ABSTRACT

The three poems quoted above were each included by their authors at the ends of collections (The Whitsun Weddings in the case of Larkin, and the Collected Poems of both Causley and Thomas).1 A poet naturally chooses which poem to put at the end of a book with great care; Causley once told Ronald Tamplin that it was essential to ‘make sure the first and last poems are right’,2 and Larkin noted in an interview that he takes ‘great care’ when deciding the ordering of poems in a collection, and that the last one ‘is chosen for its uplift quality’.3 As such, it is interesting that all three poems are essentially celebratory and deal, one way or another, with the endurance of a marriage.
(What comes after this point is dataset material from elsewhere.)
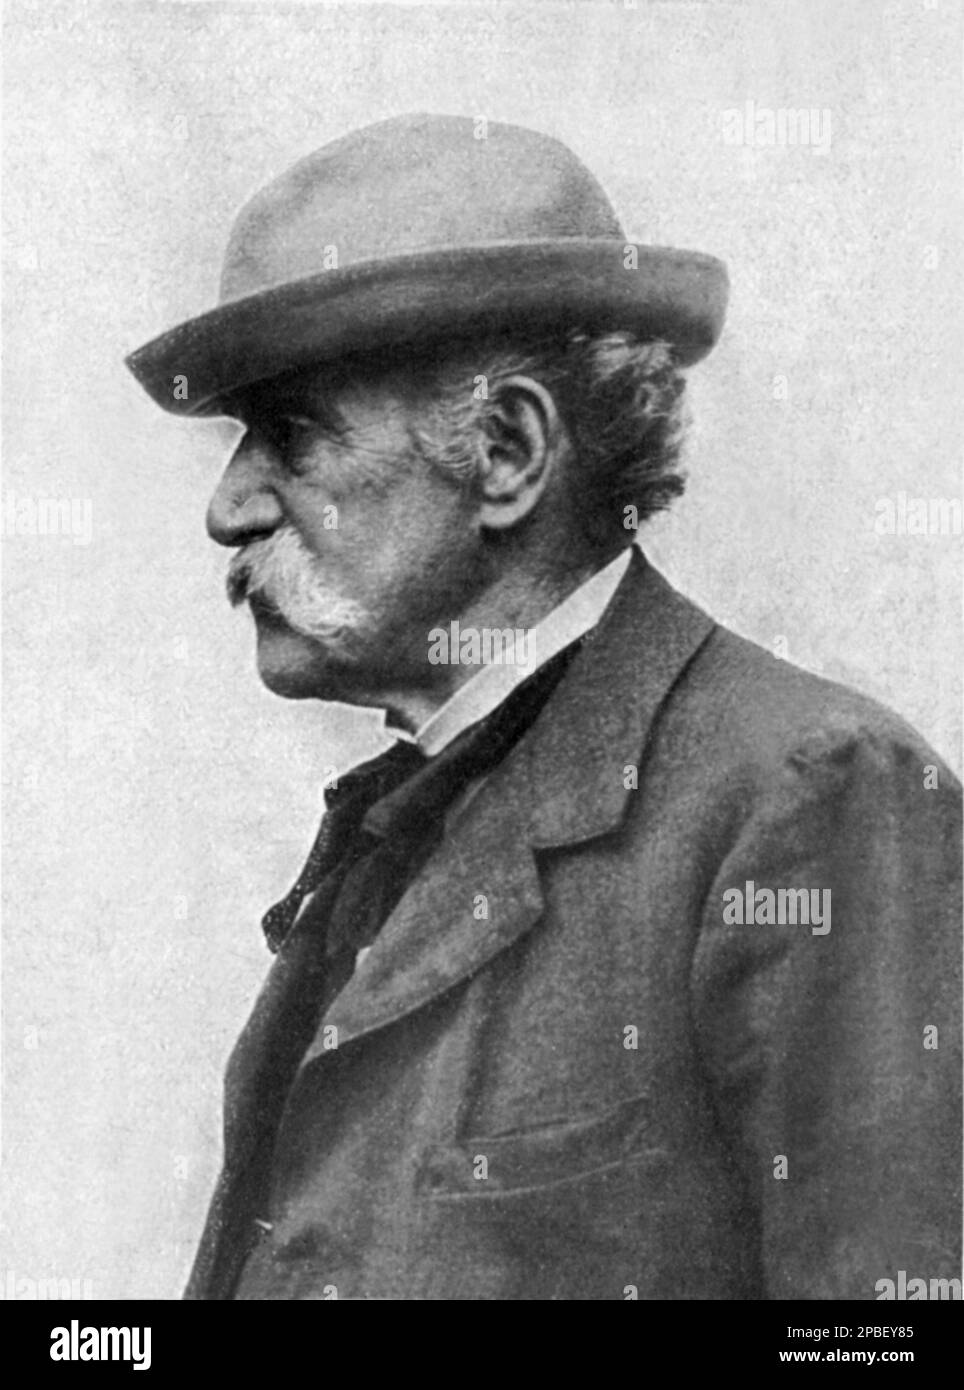 1906 , ITALY  : The  celebrated  italian painter GIOVANNI FATTORI  ( 1825 - 1908 ) , photo by Domenico Trentacoste . One of the leaders of the group known as the Macchiaioli . -  PORTRAIT - RITRATTO  - ARTE -  ARTS - foto storiche - history  - PITTORE macchiaiolo - divisionismo - hat - cappello - baffi - moustache - profile - profilo   ----  Archivio GBB Stock Photo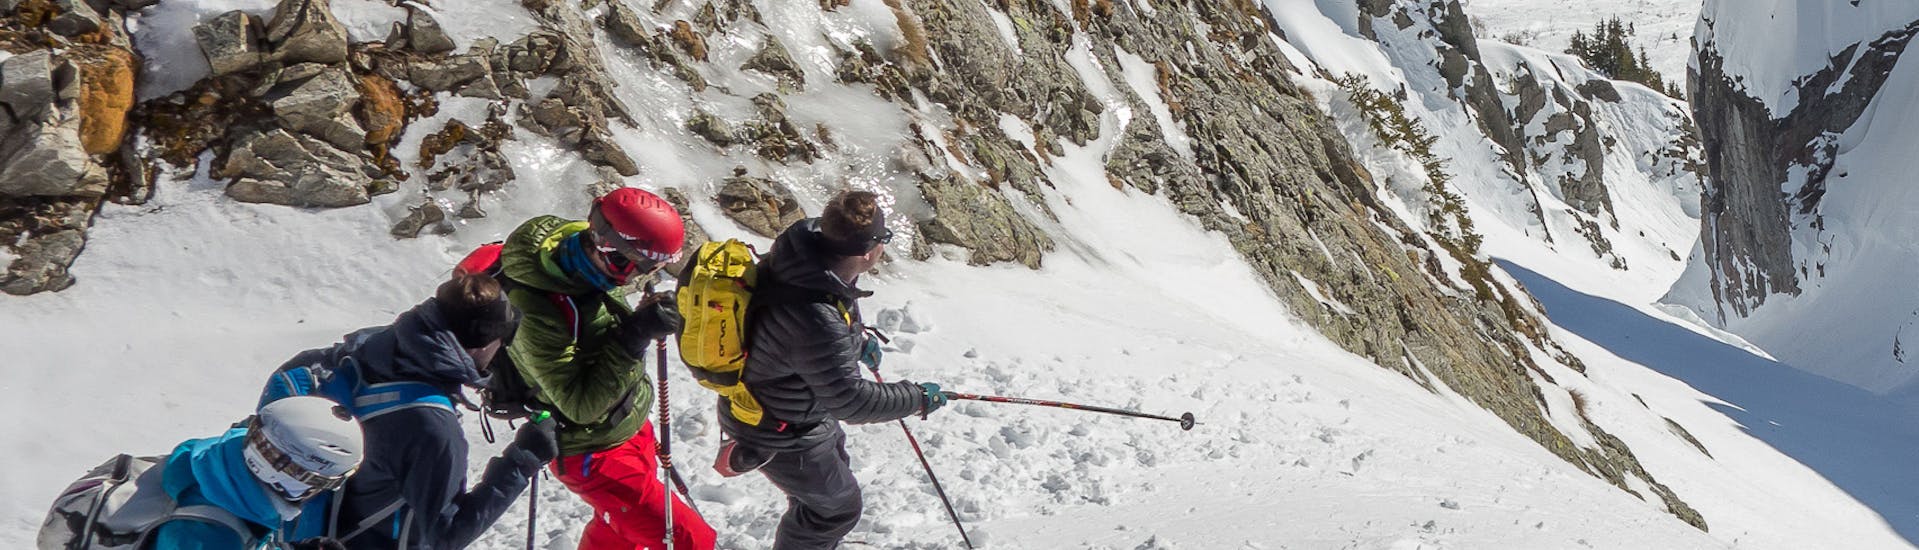 Des personnes explorent pendant une leçon privée de ski hors-piste pour skieurs avancés à Chamonix.

The earl and countess in ‘An Arundel Tomb’ hold hands ‘in effigy’, and though this is nothing more than a ‘commissioned’ gesture, not necessarily representative of relations between the medieval couple, the speaker is moved towards the aphoristic, quixotically apophthegmatic – albeit heavily qualified and tentative – conclusion that ‘What will survive of us is love’. ‘A Marriage’ is one of Thomas’s several elegies to his

1 Causley’s first Collected Poems ended instead with ‘A Wedding Portrait’. That book was published in 1975, before ‘Eden Rock’ had been written; all subsequent updated editions ended with ‘Eden Rock’.